Short sellers have been walking away from this trade in force. Estimated shares short have fallen roughly 71% since late March, dropping from above 10,700 to around 2,400 by April 28. The week-on-week decline alone was 35%. At 0.13% of the free float, the short position is now negligible — far too small to drive any meaningful squeeze dynamic. The story here is not crowding; it is rapid uncrowding.
The lending market reflects that shift. Availability is effectively unlimited relative to the remaining short interest, with ORTEX reporting availability at the ceiling. Cost to borrow has risen — up roughly 70% over the past month to just over 4% — but in absolute terms that remains inexpensive. The borrow market is loose, which is consistent with the overall retreat in short positioning. Utilisation (the share of the lending pool actually deployed) is running below 0.1%, down from a peak of 40% recorded in the past 52-week window. The contrast between that historical peak and today's near-zero reading captures how thoroughly the short thesis has been dismantled.
The factor picture adds a wrinkle worth noting. AWX scores in the 85th percentile on short score rank and the 94th percentile on days-to-cover rank — both of which sound alarming at first glance. In context, those high percentile readings reflect the extreme illiquidity and micro-cap nature of the stock rather than genuine short-squeeze pressure. With a market cap of roughly $8 million and a price of $2.50, any position — long or short — moves the needle in percentage terms. The official FINRA data puts days to cover at just 1.0 day. That is not a trapped short; it is a position that could exit in a morning session.
Ownership is tightly held. Two individuals — Anil Nalluri and Ronald Klingle — together account for roughly 51% of shares outstanding. Institutional presence is modest: Renaissance Technologies and Dimensional Fund Advisors each hold just over 2% and 1.9% respectively, with Vanguard and Geode running smaller passive positions. Dimensional added 1,300 shares as of the March quarter-end and Vanguard added 2,892, though at these share counts those figures are largely mechanical rather than a deliberate signal. Insider trade data is stale, with the last recorded transaction dating to December 2020. That data is excluded from this note.

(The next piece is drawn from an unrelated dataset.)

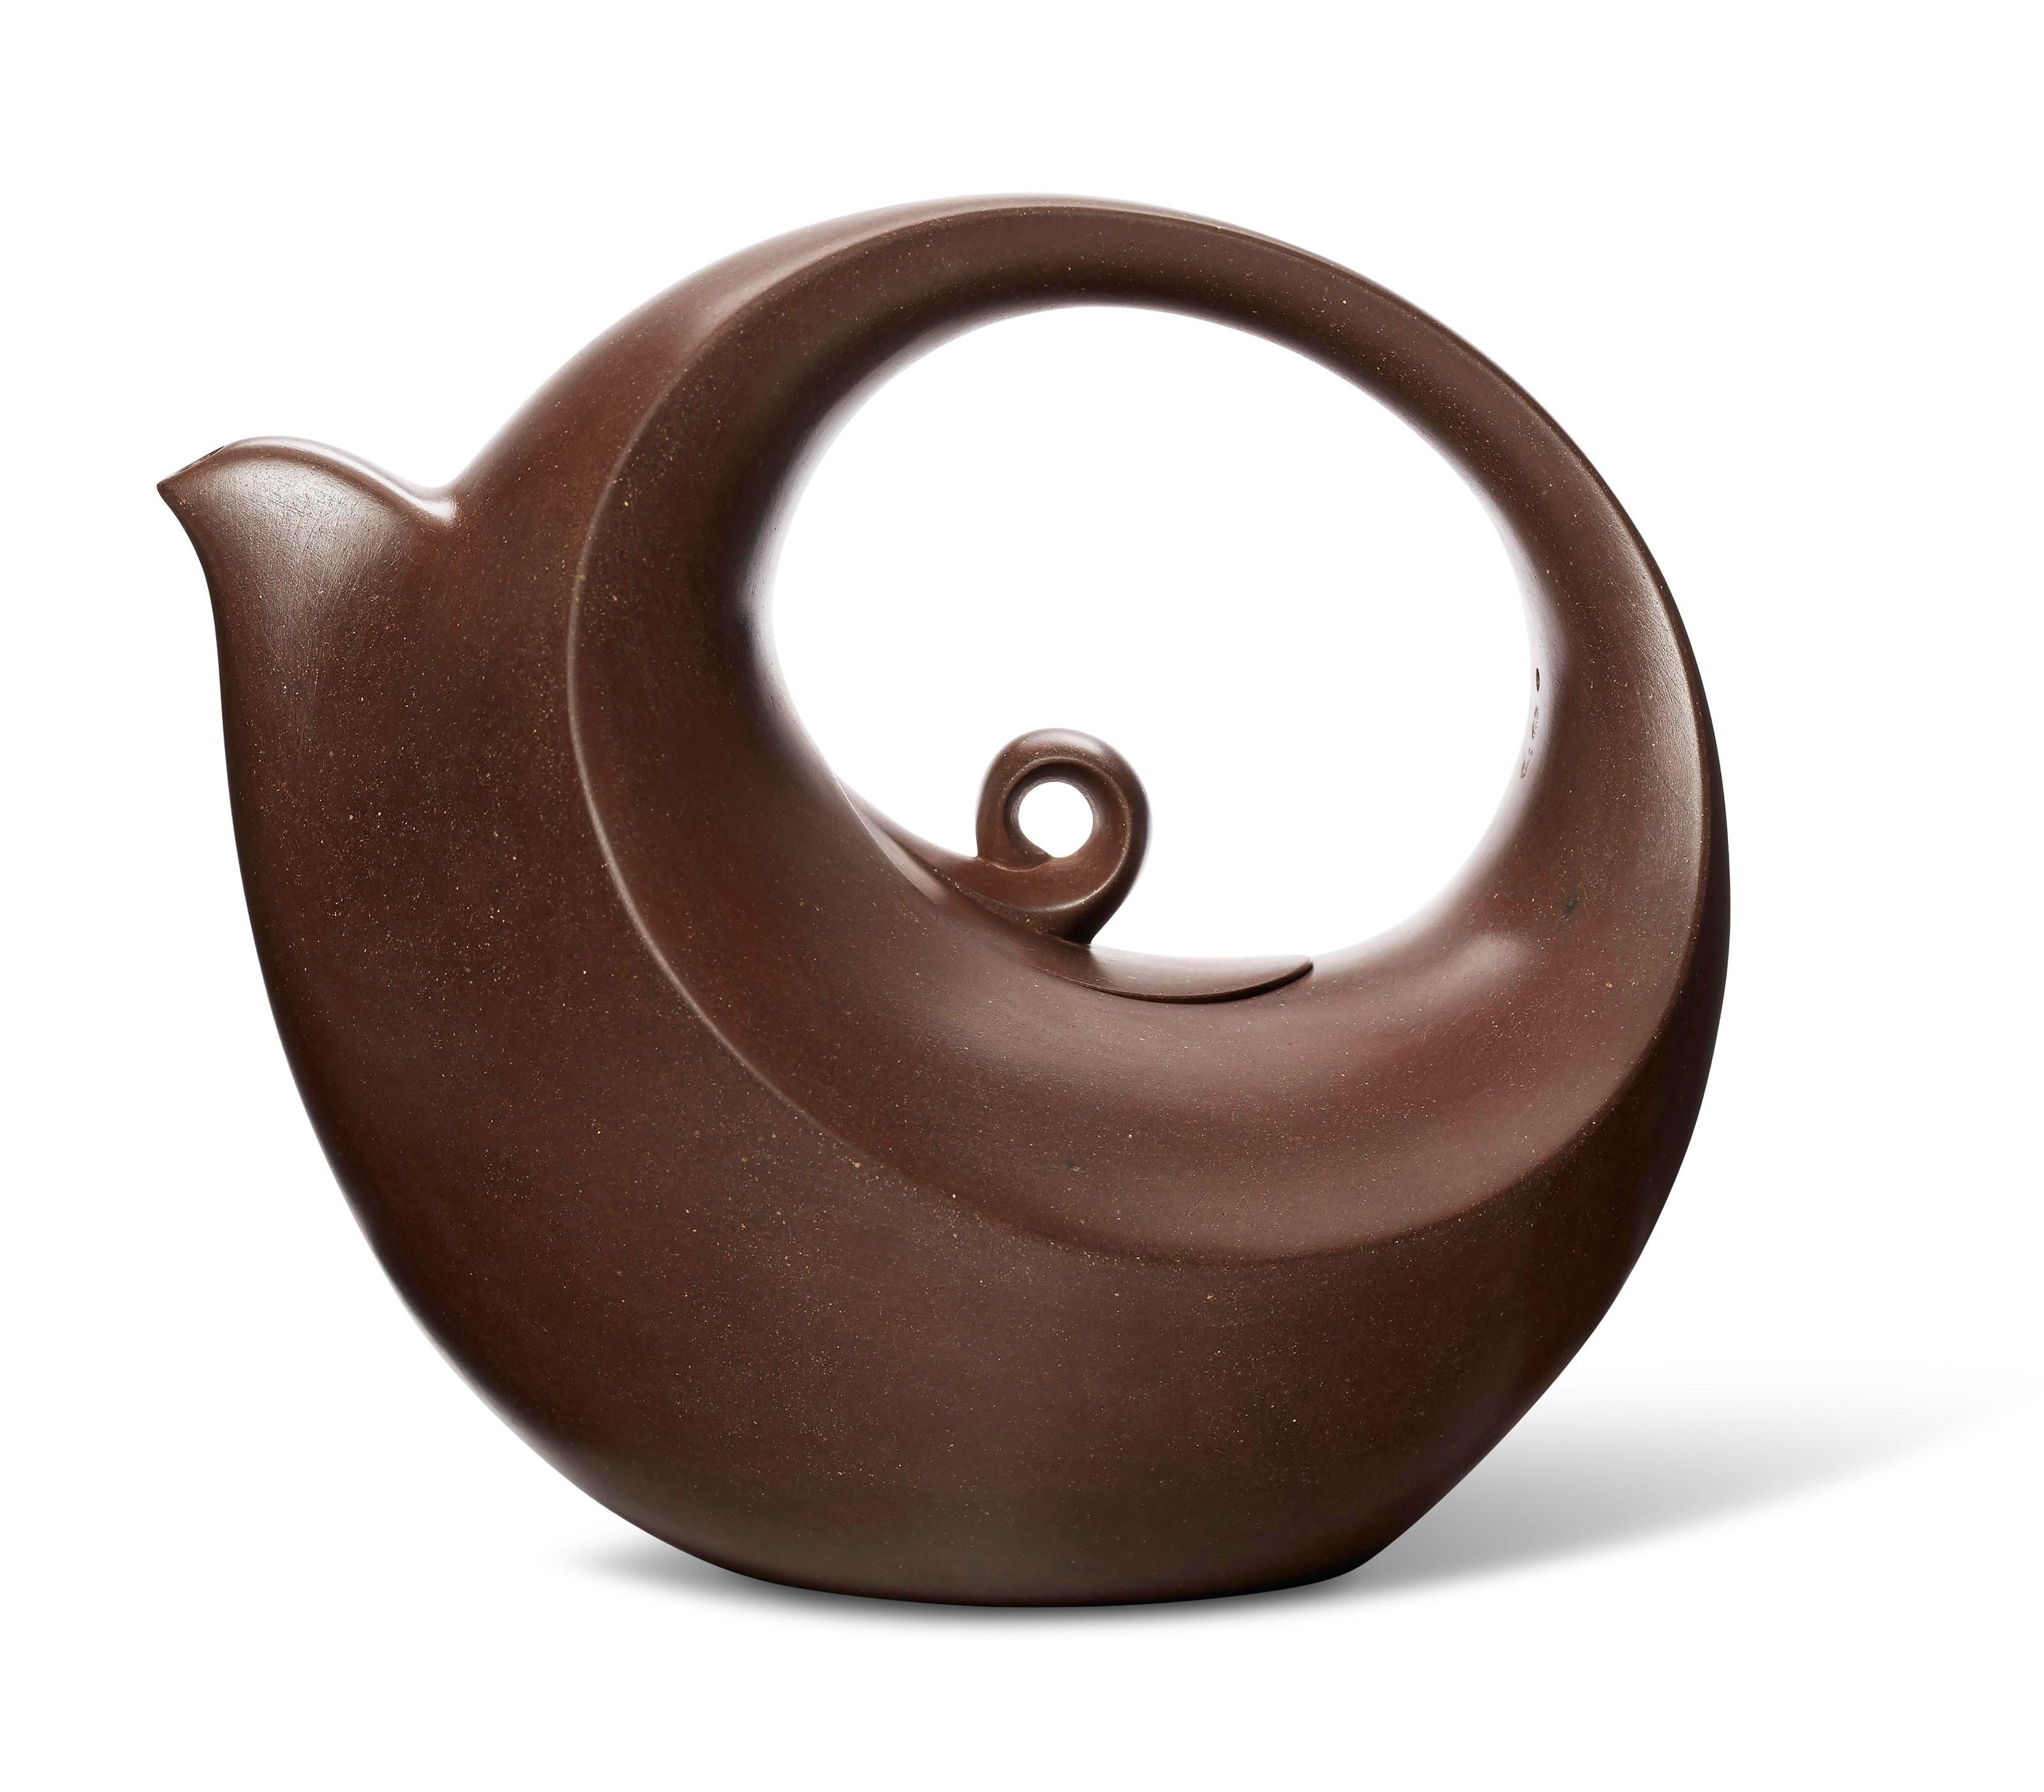 汪寅仙(1943-2018)制神鸟出林壶,宽5¾吋(14.6公分),估价:30,000-50,000美元。此拍品于3月19至26日在佳士得网上拍卖壶里乾坤:欧云伉俪珍藏宜兴紫砂器中呈献。

Earnings are due on May 11. The past four prints have been mixed — a 5.4% one-day drop in November 2025 followed by a five-day slide of 11%, then a 1.3% bounce the following session with a five-day gain of 12%. The most recent print in March 2026 saw only a fractional move in either direction. With a float this small and no meaningful short overhang, the setup into the release is more about whether any volume shows up at all than about directional pressure from positioning. The cost-to-borrow move is worth watching: if it continues rising ahead of May 11, it would suggest at least some incremental demand to borrow a stock where very little is currently lent out.